(This article was first published on 2 July.)
The Modi government’s three-month compliance window for holders of illegal wealth abroad is more about the politics of black money than a realistic roadmap for its reduction and ultimate elimination. The scheme is more stick than carrot, and it is highly unlikely that the big fish will bite. Populist politics has trumped sane economics.
The compliance window, which opened yesterday (1 July) under the Black Money (Undisclosed Foreign Income and Assets) and Imposition of Tax Act, 2015, allows Indians with illegal assets or incomes abroad to declare the same to the taxman with the promise of no prosecution. Those who disclose their assets by 30 September will be given another three months to pay the tax and penalty by 31 December.
So far, so good. But the terms of the law are so daunting that only minor holders of black wealth will even be tempted to comply. Reason: 60 percent of the income will be taxed, comprising 30 percent tax and 30 percent penalty.
If you have, say, Rs 10 crore of illegal wealth abroad, it may make some sense to declare it and pay Rs 6 crore to the taxman in the hope of avoiding future harassment. It is not a great sum to forgo for some peace of mind.

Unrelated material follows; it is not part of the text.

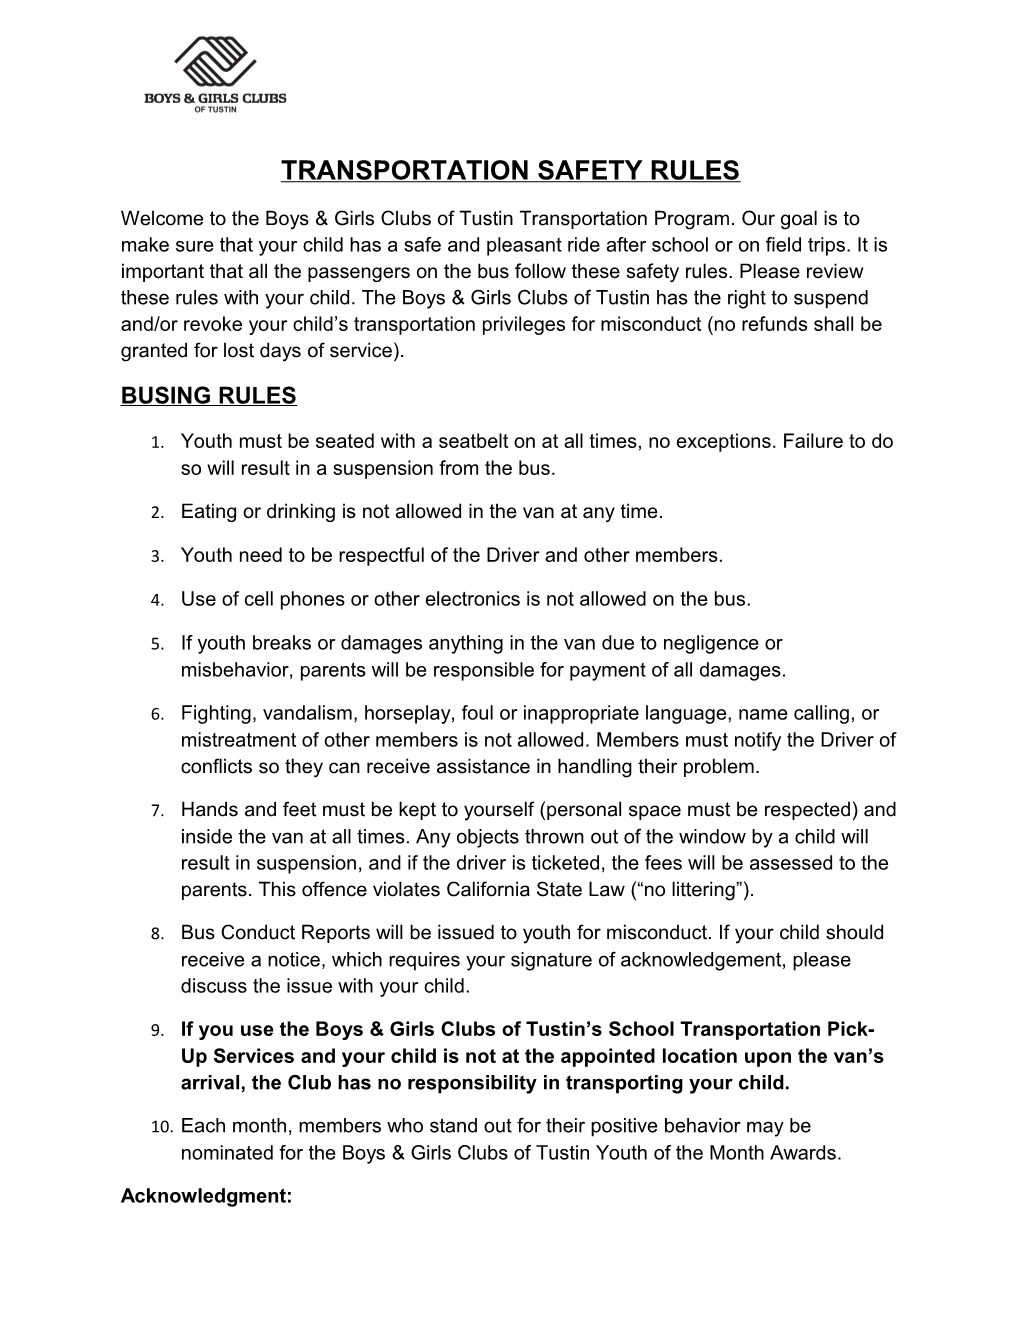 Transportation Safety Rules

But what if you had Rs 1,000 crore in the Cayman Islands? Why would you want to pay Rs 600 crore to the taxman? If you have that kind of hoard abroad, it may be well worth the risk of courting tax troubles at home. When you have so much illegal money, it means you have the resources to keep the taxman away from the loot too.
And that’s not the only deterrent. Even though the finance ministry has promised to put only tax officials with a proven record or probity to run the cell which will accept declarations under the new law, there is no legal guarantee that your identity will be protected. Now, why would Crony Businessman X, with hundreds of crores abroad, want to be known to the Indian taxman by name. If anonymity can be compromised any time, it takes away the main attraction of the scheme. There is no guarantee that the name will not leak out at some later date, inviting extortionists into the game.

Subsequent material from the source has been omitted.